Окончательно забыв про служебные обязанности, Марк два с половиной часа водил её по московским дворикам и бульварам. Они прошли пешком всю Таганку, Хитровку и Маросейку, Марк упивался собственным красноречием, а Маша слушала.

Документы в тот день она так и не подала. А после мечты о научной карьере и вовсе отошли на десятый план.

 

Но сегодня, третьего января, Марк по большей части хмурился и молчал. Новогодний праздник не клеился, хотя, казалось, всё было на месте: Маша привезла фрукты, сварила кофе, зажгла свечи. Получила от любимого мужчины подарок, антикварную серебряную подвеску с нефритовой вставкой.

Марк чувствовал себя неважно. Ночью у него поднялось давление, а нужных лекарств в доме не оказалось. Уже два дня он боролся с ощущением подавленности: занавесил шторы, долго лежал, поджав колени к животу, засыпал тревожным сном; просыпаясь, заставлял себя читать. О том, чтоб выйти на прогулку, не могло быть и речи; уличный шум усиливал чувство тревоги. Маша знала, что Марк переживает подобные периоды, когда приближается очередной срок оплаты за комнату или когда Хомяк подолгу живёт у Лены. Очевидно, сегодня сыграло и то и другое. Монографию, которую Марк писал на заказ последние полгода, ему пока ещё не оплатили, а новые дополнительные заработки никак не появлялись.

– У древнего грека была защита от нестабильности, она называлась судьба. У средневекового человека имелась другая защита и оправдание – Господь Бог. – Марк раздавил окурок в бронзовой пепельнице. – А у меня эта защита приняла образ… ну просто ничтожный: сумасшедшая старуха за стенкой. Потому что, если она помрёт, мне отсюда придётся выметаться. И наступят чёрные времена.

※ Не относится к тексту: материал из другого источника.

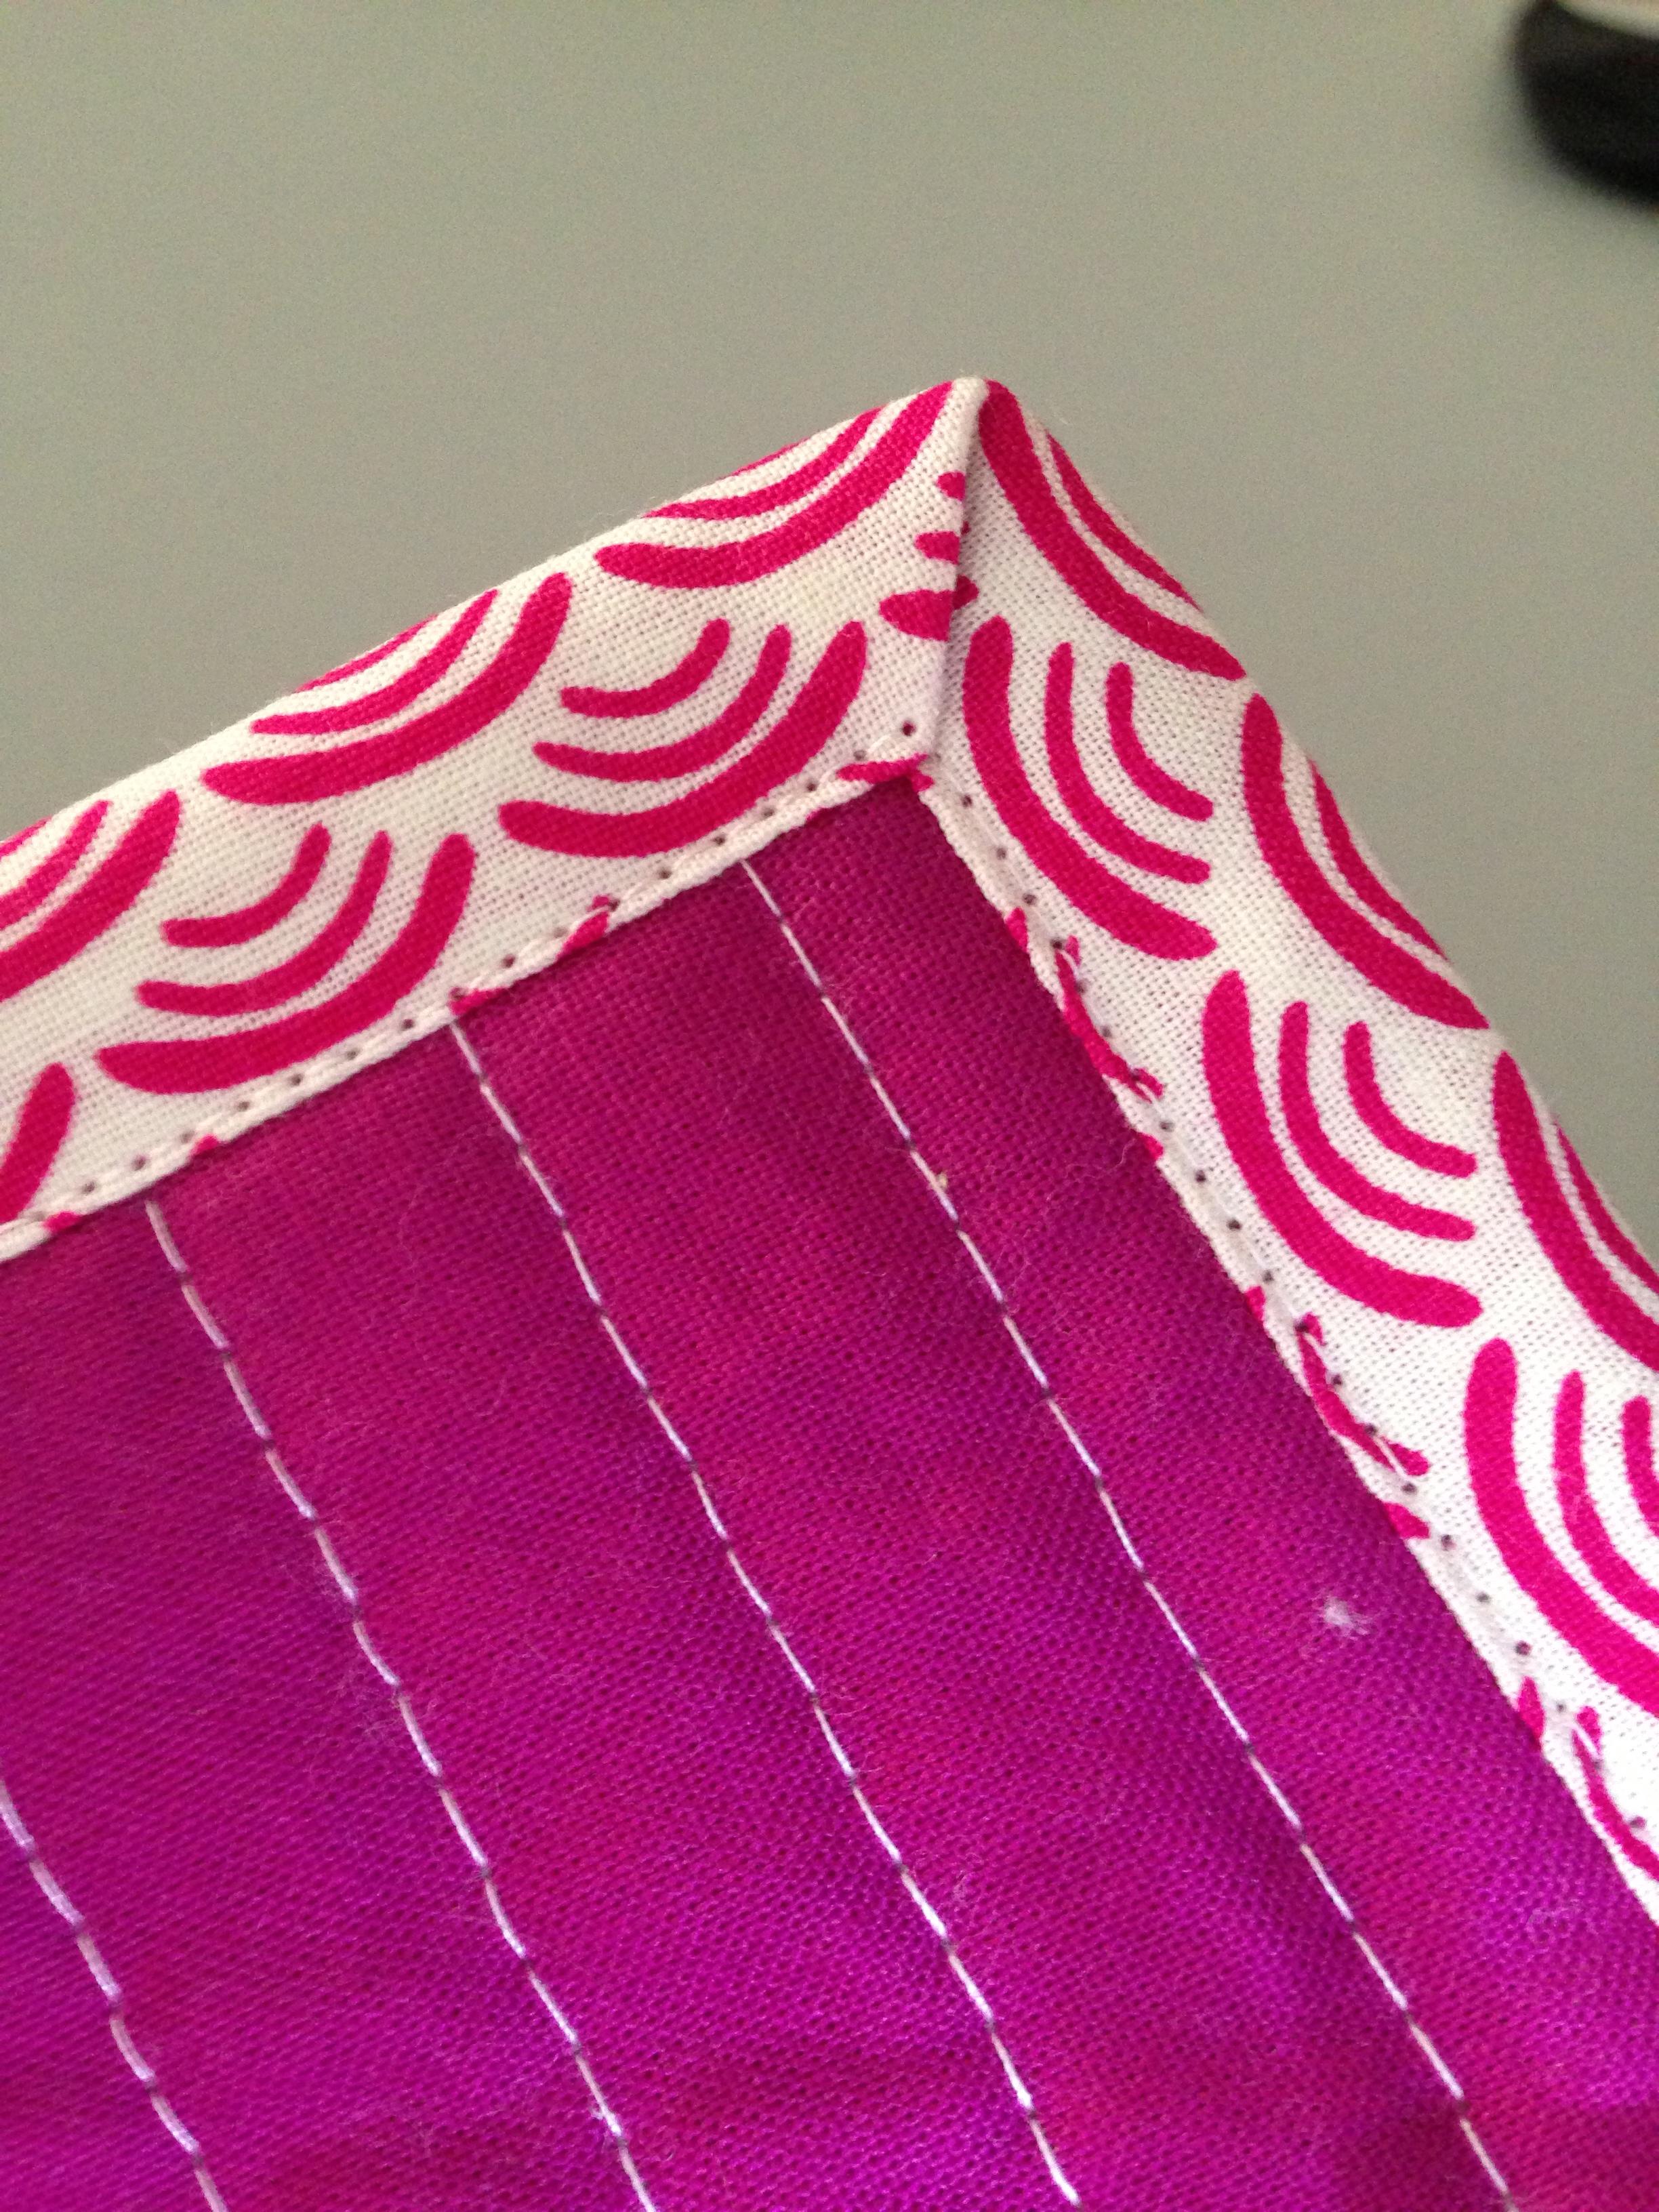 Quilting 101: Machine Binding | Wasn't Quilt in a Day : how to machine bind a quilt - Adamdwight.com

Выметаться вместе со своими книгами и с ванной, подумала Маша.

– Хочешь, будем жить вместе?

Она всё ещё лежала на тахте, среди подушек, укрытая колючим верблюжьим одеялом.

– Я могу прописать тебя в Королёве, – наконец‑то вслух было сказано то, о чём она думала очень давно, но предложить не решалась.

Прошло несколько секунд; кажется, весь дом замер в ожидании ответа.